If there is anything more tedious and boring than singing competitions in TV, I have yet to hear of them. And the most long-drawn and tedious of them all has been Sony's Fame Gurukul.



Even more time consuming than the singing was the contrived suspense at every turn, with judges who looked more wise than they were, taking all the time in the world to reduce mostly mediocre singer to tears while the cameras focussed on their anxious faces, nail bitting and even more anxious teachers and mammas as they squirmed in the audience.



When we reached the climax at last, and lost count of how many episodes the climax itself took, Mandira Bedi, who had been displaying only noodle straps or shoulder less blouses so far, decided to add to the masala by first, showing her not-too-interesting midriff throughout the proceedings, and then prolonging the suspense as long as she wished by taking her time over every syllable and every false promise of revealing the results, so that we could not avoid gazing at her belly, which seemed to attract the camerapersons than the contestants who, after all, had only their anxious faces to show.

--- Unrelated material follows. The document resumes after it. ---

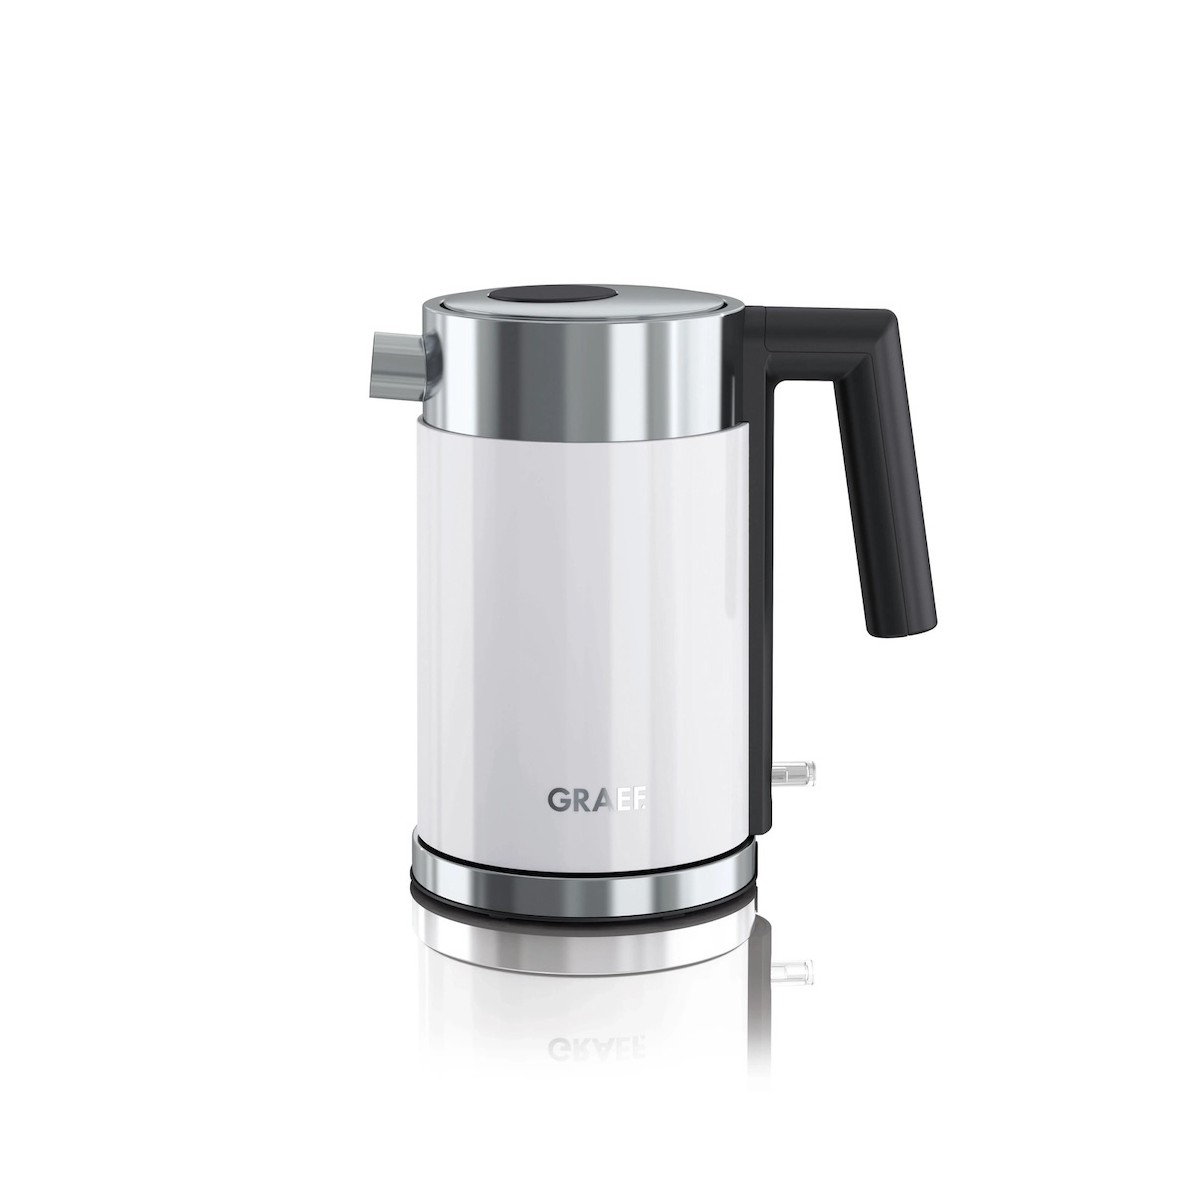 GRAEF WK401 electric kettle - white

There had to be something redeeming somewhere in this long yawn, and there was. A hitherto unknown young man from Srinagar, who at least had a different quirky hair style, and oodles of confidence made it to the last three and eventually emerged as winner together with a typical Bengali girl who did more nakhra than singing.



And Srinagar, reeling from earthquakes, assassinations and political intrigues certainly rose to the occasion. Not only did two little boys run away from their village to make it to Qazi Tauqueer's home in Srinagar to join in the celebrations and taste the sweets being generously handed around, but we also saw Qazi's mother, who had braved it to the contest, smiling unbelievably over her progeney's success. Srinagar now had an all India celebrity.



However, talking of tediousness, whenever, a show is announced to be a comedy, we immediately become suspicious. Genuinely funny shows need neither advance warnings, nor do they need that terrible mistimed and monotonous canned laughter which go with them. The Great Indian Comedy show with Shekher Suman is not only becoming monotonous and predictable, what also goes side by side is worse.



This is the much hyped competition of funny men (women seem to be at discount) which is judged by funny man Cricket star cum MP Navjot Singh Sidhu and of course, Shekher Suman. Now judges, we were led to believe, should keep straight and severe, non committal faces when judging even funny shows.



But Navjot Singh Sidhu is so carried away by the comics, who seldom rise above the level of schoolboys jokes and puja pandal humour that he starts laughing even before they have started their comic turn, since he laughs prematurely and consistently for every contestant and seems to divide his laughter without ever taking sides.



One wonders on what basis he does his judging. Shekhar Suman goes one better. He quite often caps a contestant' comic turn with one of his own. Not to join the contest, mercifully, but in the spirit of "anything you can do, I can do better" Since most of his own shows are derived from well-known foreign ones, one would have thought he had nothing to prove.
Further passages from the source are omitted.